Use a left and midpoint Rienman sum to approximate

[Mark44]

But the question said "right Reinman"

What's your point? All this means is that you use the right endpoint of each subinterval.

Pick a number n.
Divide the interval [0, 3] into that many subintervals.
Evaluate f at the [STRIKE]left end [/STRIKE] [STRIKE]midpoint[/STRIKE] right end of each subinterval.
Multiply by \Delta x.
Add the n terms.



BTW, it's Riemann.

 

[flyingpig]

What if you want to use left endpoint

 

[Sethric]

Try this:

Riemann Sum

Particularly the difference between right, midpoint, and left.

 

[Mark44]

What if you want to use left endpoint

See post #24.

I really hope that you have finished this problem by now.

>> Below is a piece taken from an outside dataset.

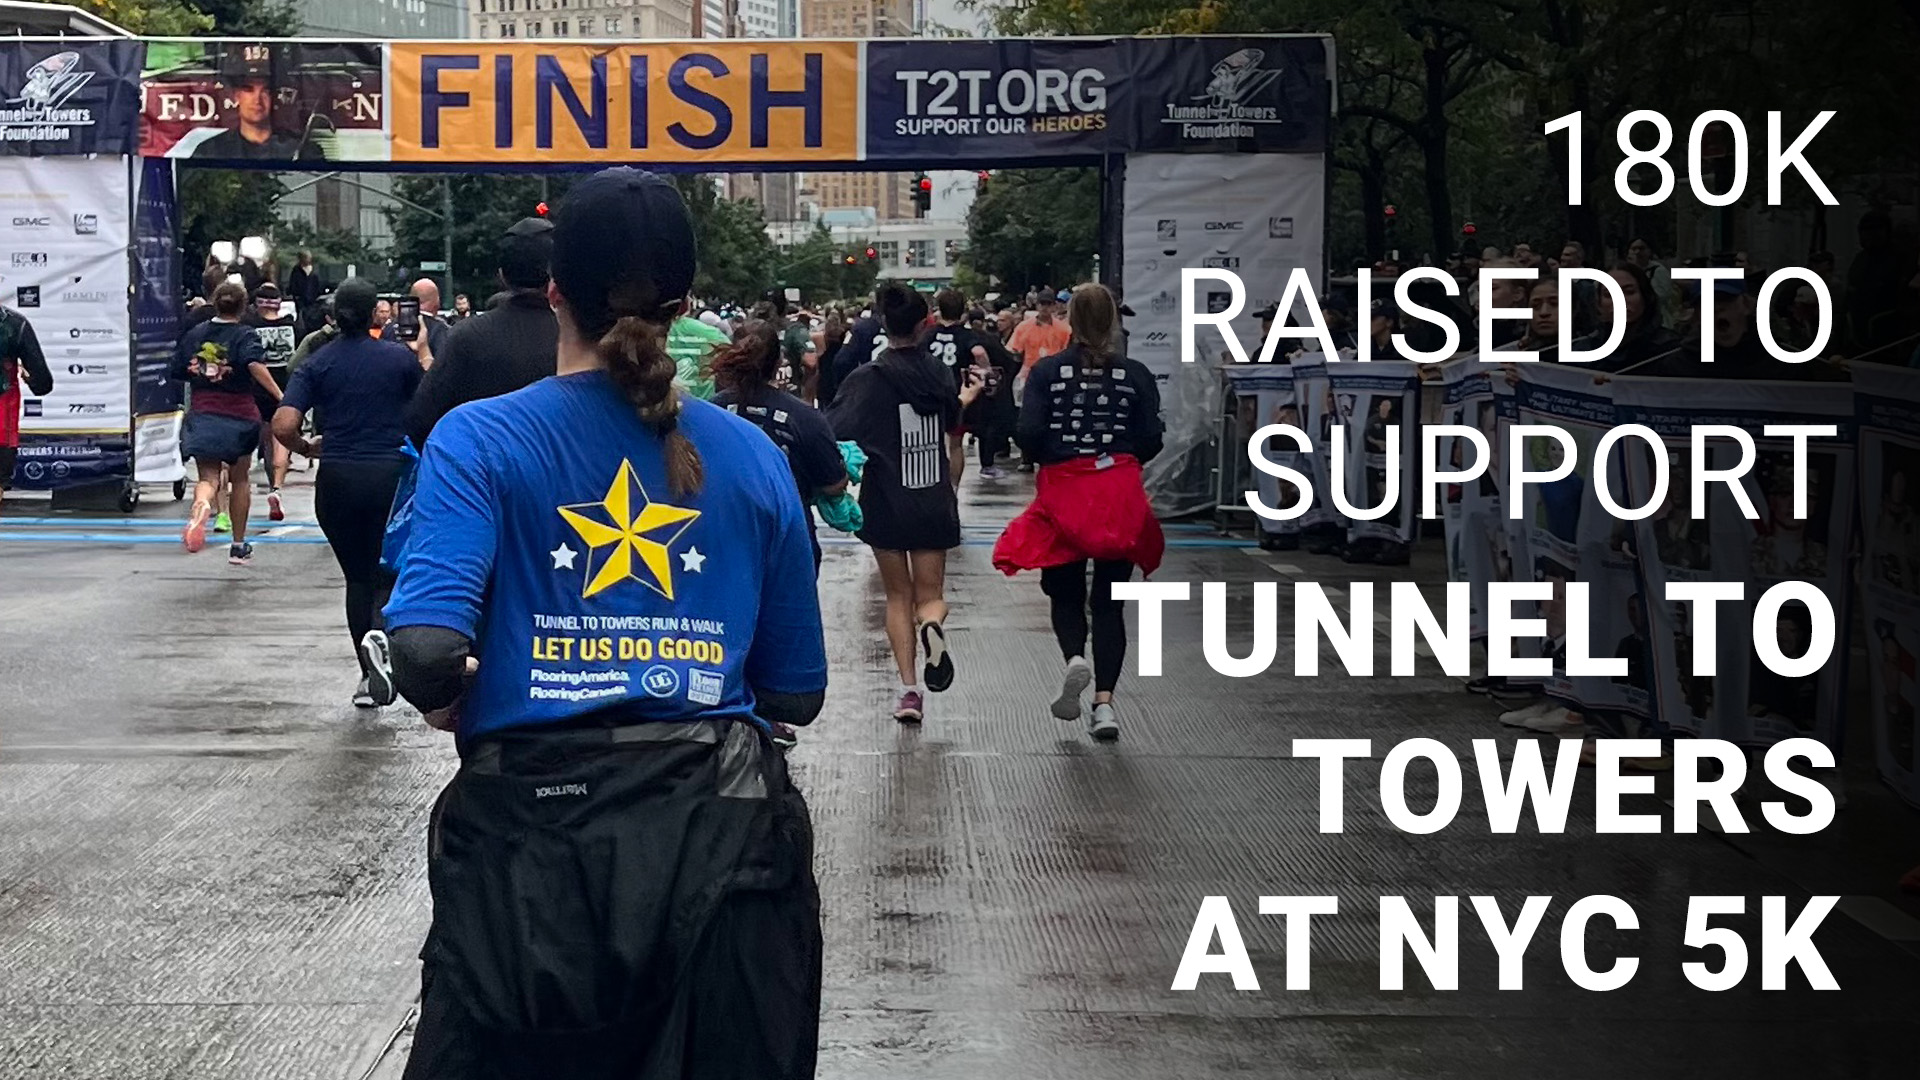 CCA Tunnels to Towers Fundraising

Approximating an integral by a Riemann sum is really nothing more than adding up the areas of a number of (n) rectangles. The rectangles are all \Delta x (= (b - a)/n) in width. For a left Riemann sum, you use the left endpoint of the subinterval to find the height of the rectangle. For a right Riemann sum, you use the right endpoint of the subinterval to find the height of the rectangle. For a midpoint Riemann sum, you use the midpoint of the subinterval to find the height of the rectangle.

To get your approximation, add the areas of the n rectangles. That's all there is to it.